Stardust project

Stardust, which began in February 2013, was a four-year research and training program looking into ways of removing space debris (such as fragments of defunct satellites which risk damaging functioning satellites if they collide with them), and ways to deflect asteroids which could have devastating consequences if they crash into the Earth. [1][2][3][4]

Stardust was a European programme funded by the FP7 Marie Curie Initial Training Networks (ITN) scheme.[5] The network is composed of ten full partners and four associated partner institutions across seven European countries.[5] There were five universities – University of Strathclyde (UK), University of Southampton (UK), Technical University of Madrid (Spain), University of Rome Tor Vergata (Italy), University of Pisa (Italy), and the Astronomical Observatory Belgrade (Serbia), four research centres – German Research Centre for Artificial Intelligence (DFKI), Consiglio Nazionale delle Ricerche Italiano (CNR), French National Centre for Scientific Research (CNRS) and the European Space Agency (ESA), and four companies – Deimos Space (Spain), Dinamica (Italy), Astrium Ltd (UK) and Telespazio S.p.A. (Italy). A further 11 early career researchers and 4 post-doctorate researchers were hired and received specialised training .

The Stardust Final Conference on Asteroids and Space Debris was held at the end of October 2016 at the European Space Agency premises.[6]

Stardust completed its four-year remit of research and development activities in early 2017. During that period, the network was awarded the Sir Arthur Clarke award for space research in 2015,[7] was featured at the IAC2016 in Guadalajara, and is supporting the Space Mission Planning Advisory Group of the United Nations on matters related to planetary defense.

Beyond its influential role in the community, Stardust produced many important results: [8]

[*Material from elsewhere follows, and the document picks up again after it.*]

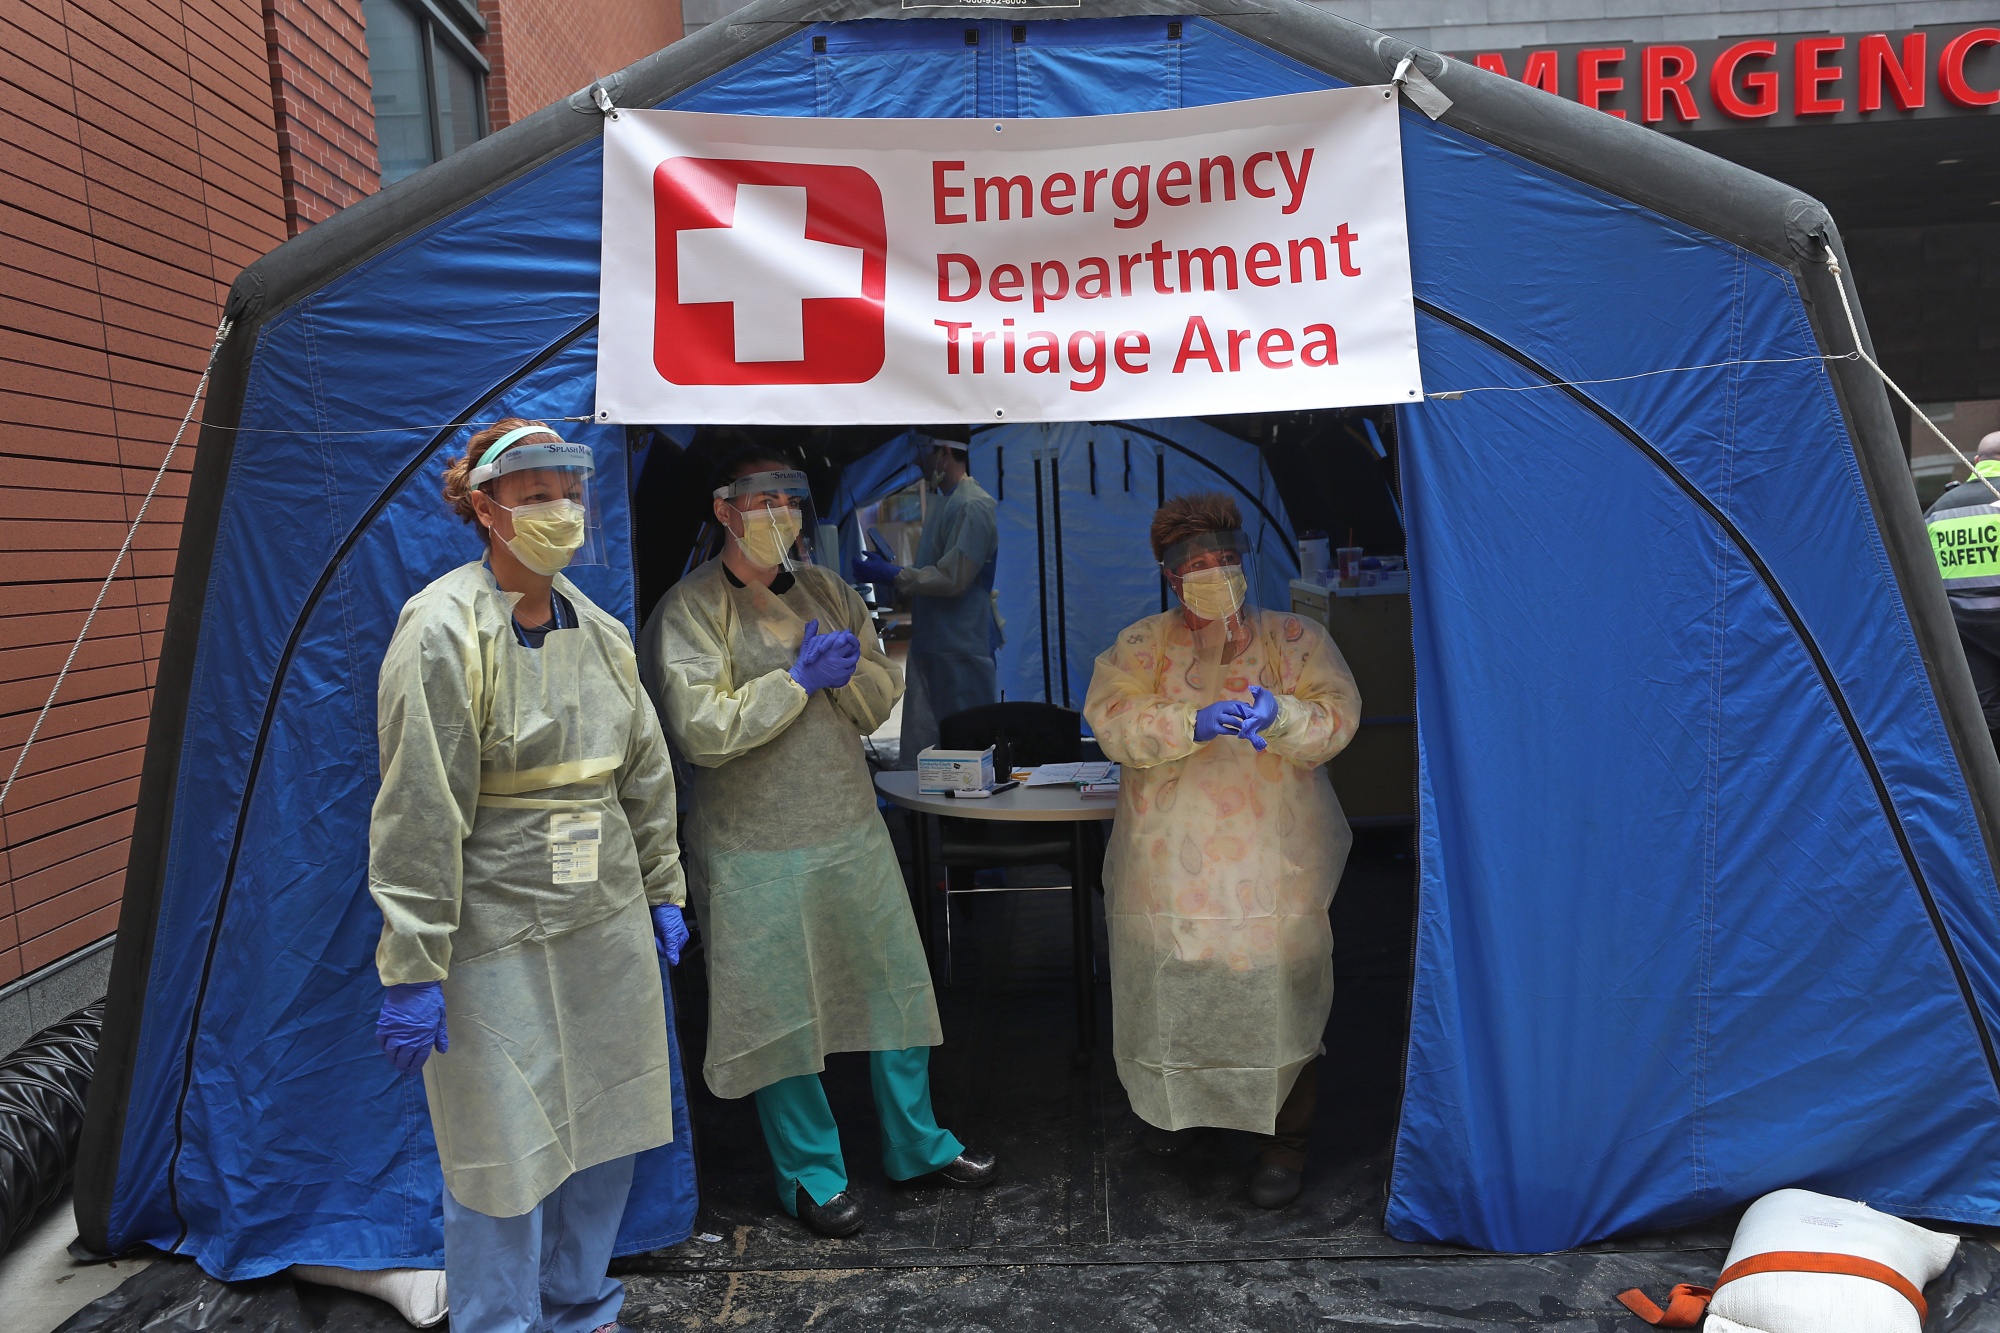 Nurses at Boston Medical Center’s Emergency Department Triage Area, on March 20.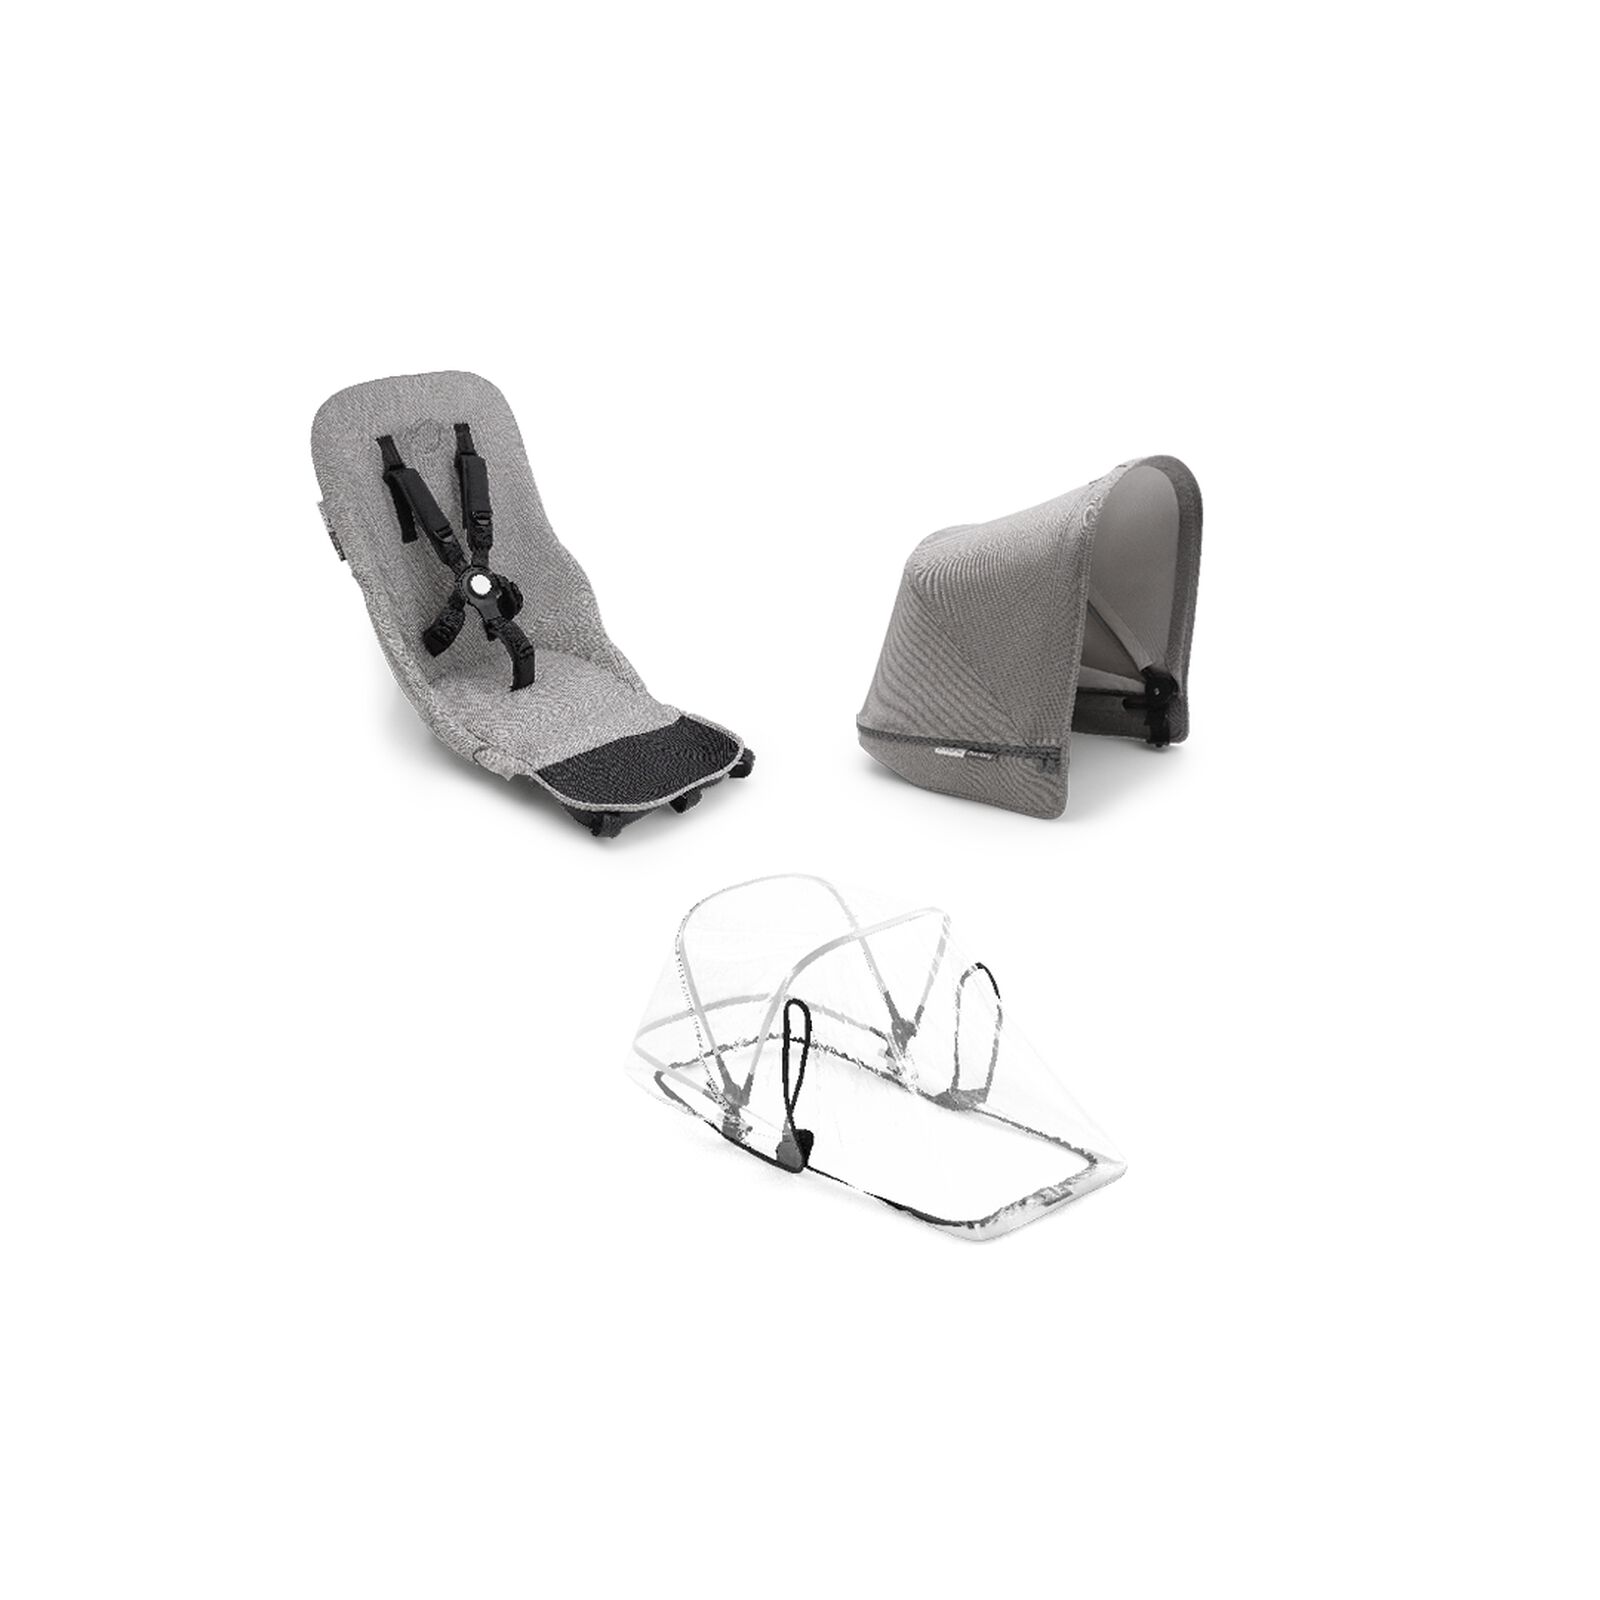 Bugaboo Donkey2 Mineral duo fabric set compl AU LIGHT GREY

• Stardust unlocked the secrets of chaos and resonances in Earth orbit mapping regions of the space around the Earth where motion is chaotic and can lead to a fast decay of the orbit. These key results were instrumental to define passive debris deorbiting strategies and ‘deorbiting highways’ that accelerate the orbit decay.
• Stardust developed new fast approaches for preliminary orbit determination of asteroids and space debris that will allow the treatment of large databases and the determination of the orbits of objects starting from sparse measurements.
• Stardust introduced new techniques for the detumbling of space debris and asteroids using Eddy currents or laser ablation. It demonstrated the effectiveness of these technologies and their applicability to real mission scenarios.
• Stardust produced substantial advancements on the use of laser ablation for debris removal and asteroid manipulation and exploitation. It demonstrated, theoretically and experimentally, that this technique offers an effective and versatile solution, in many cases superior to most slow-push deflection methods.
• Stardust introduced new asteroid deflection concepts, like the Nuclear Cycler that allows for a more controllable deflection using a series of nuclear explosions, and delivered new insights in the applicability of other known deflection methods like the kinetic impactor and the gravity tractor.
• Stardust introduced the quantification of uncertainty in the study of the (re-)entry and demise of space debris and asteroids, and developed new fast and open source tools and methods to estimate the risk of an impact on ground. All these new advancements contributed to the development of an open source tool called FOSTRAD,[9] freely available on request.
• Stardust developed new tools to allow decision makers to make informed decisions on the potential consequences of an impact with an asteroid. The software ARMOR was developed to quantify the total risk and damage on Earth.